Stored data:
════

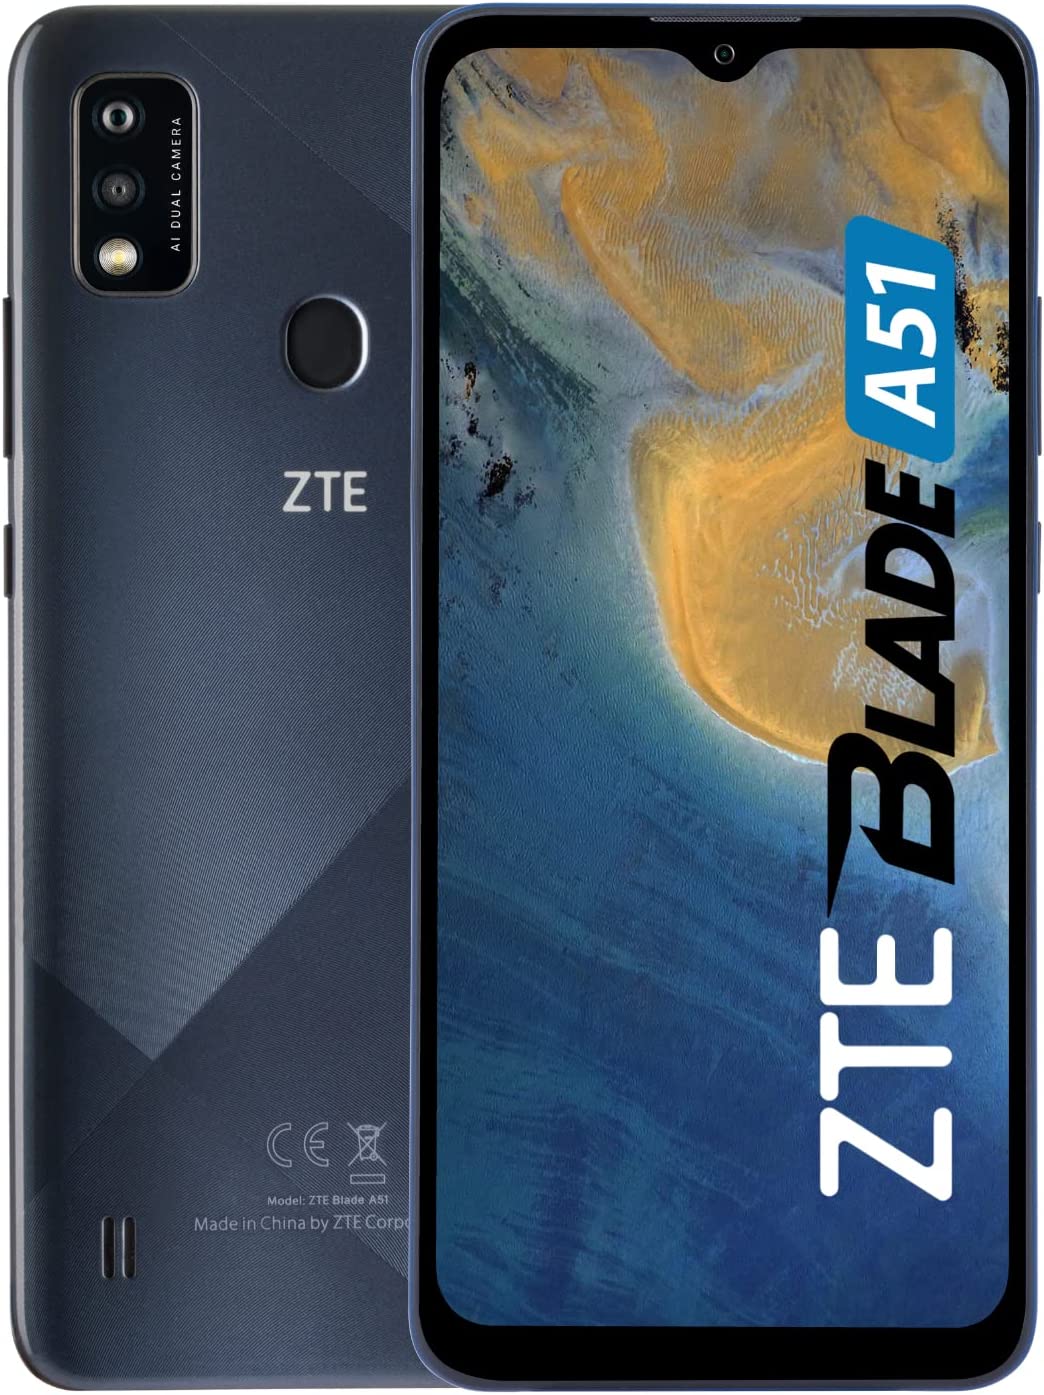 ZTE Blade A51
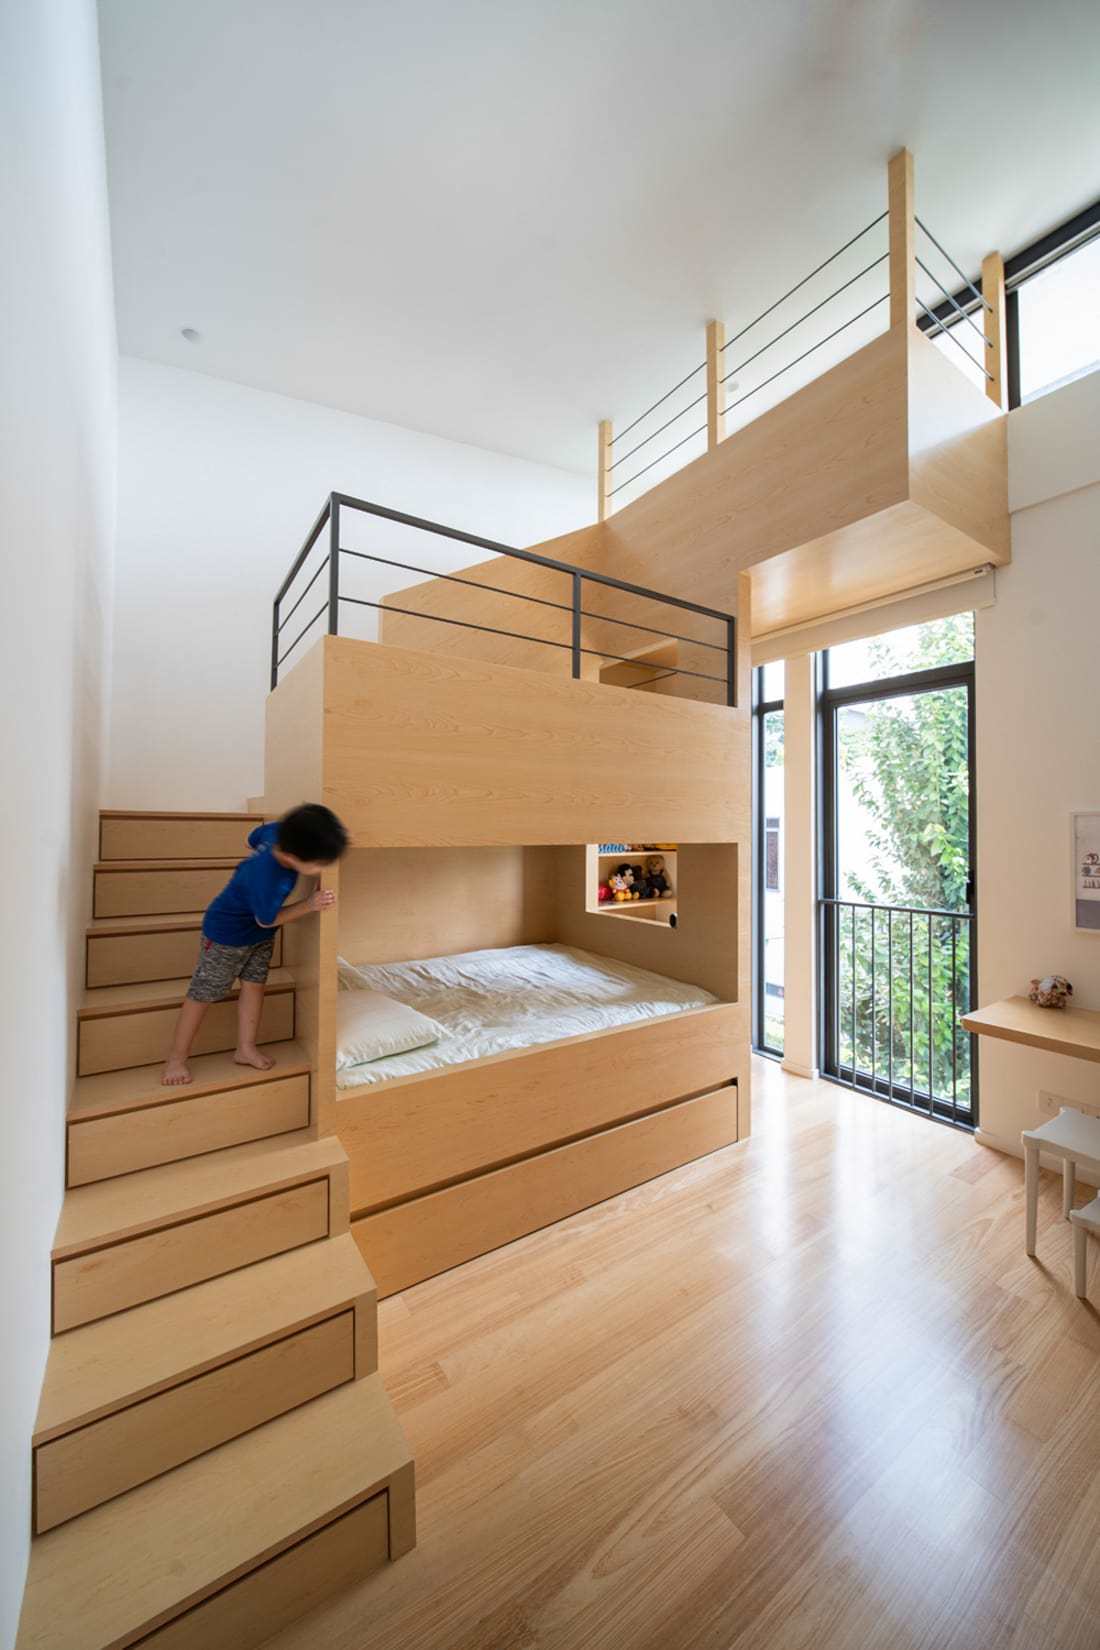 kids room / Fabian Tan Architect
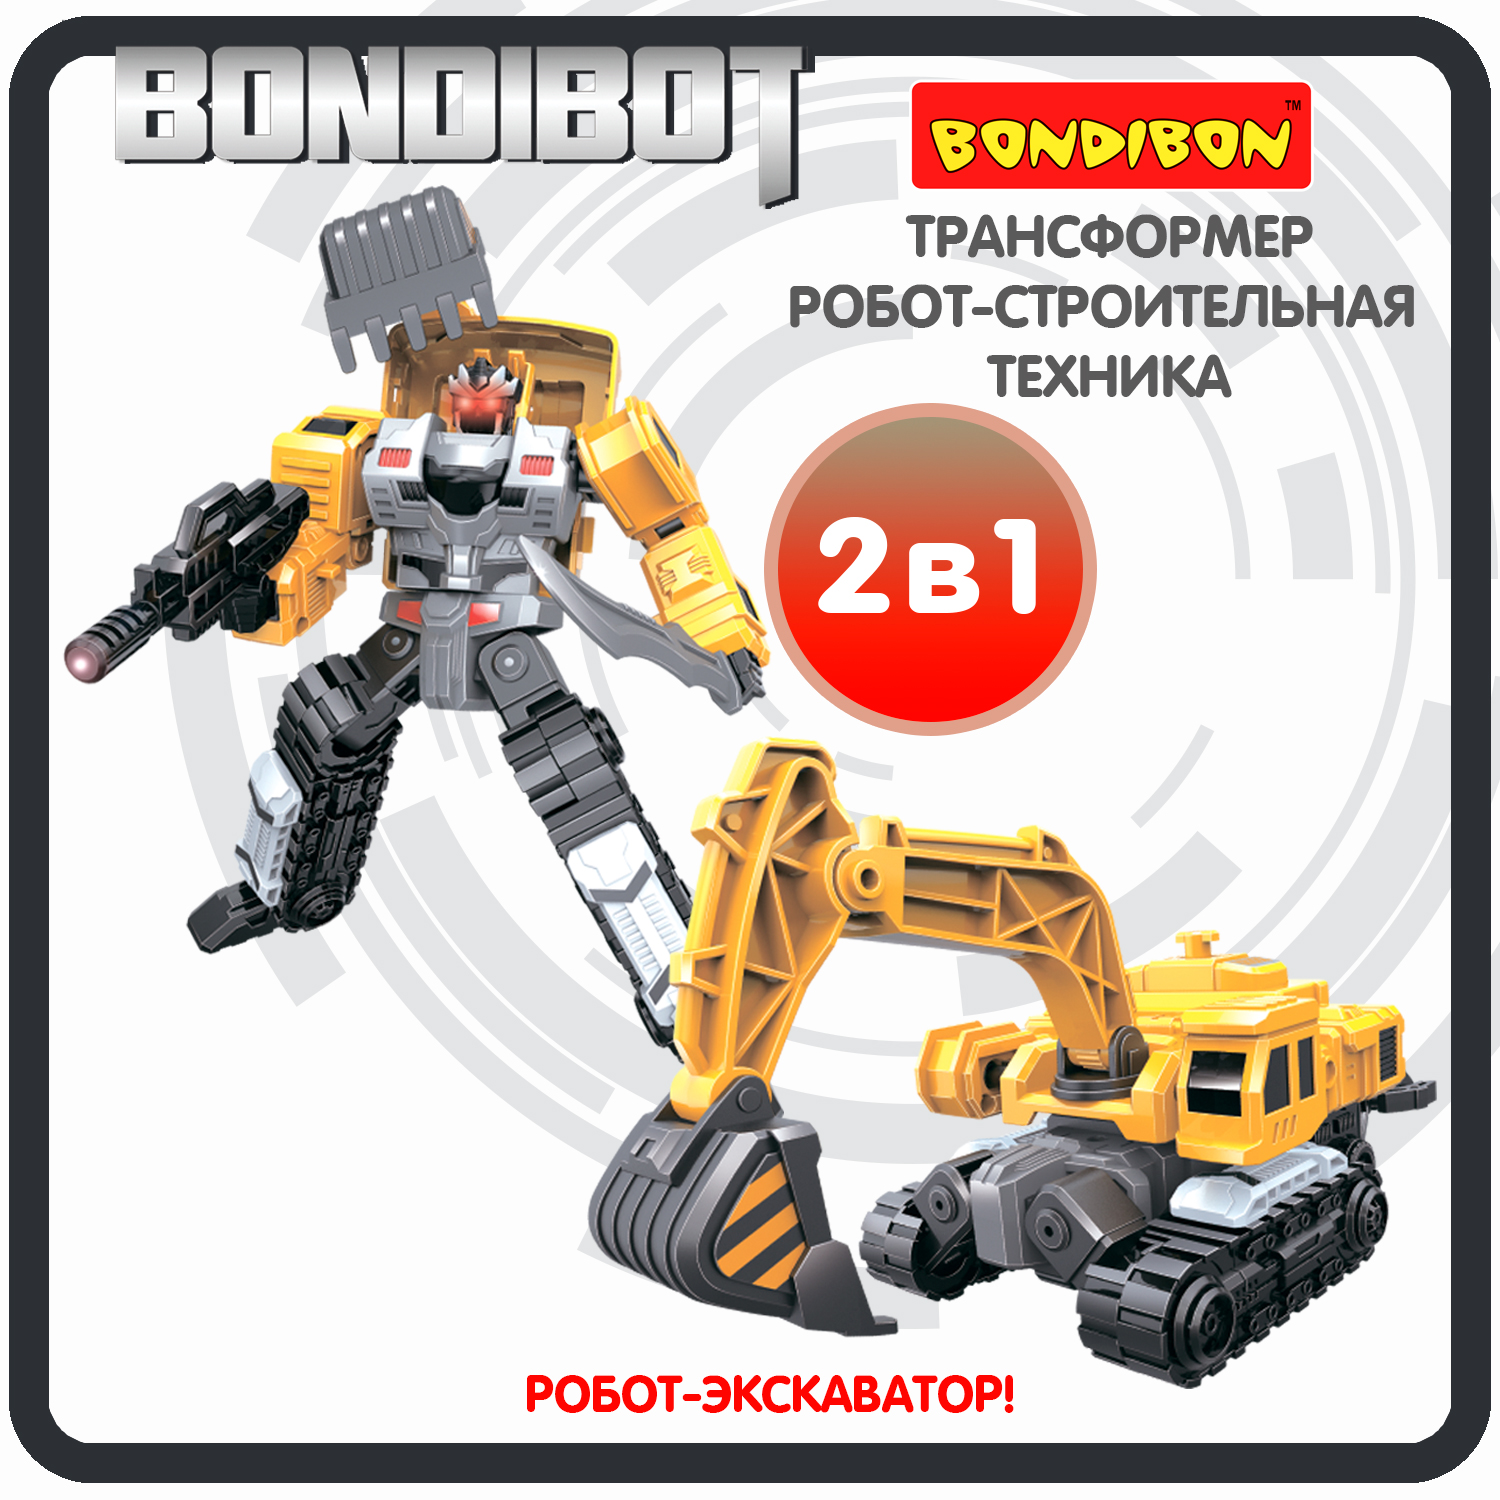 Трансформер робот-строительная техника, 2в1 BONDIBOT Bondibon, экскаватор / ВВ6048 робот трансформер hasbro титаны бамблби 33504

════

Output the data verbatim, images excluded.

Answer to this task:
 ZTE Blade A51
 kids room / Fabian Tan Architect
 Трансформер робот-строительная техника, 2в1 BONDIBOT Bondibon, экскаватор / ВВ6048 робот трансформер hasbro титаны бамблби 33504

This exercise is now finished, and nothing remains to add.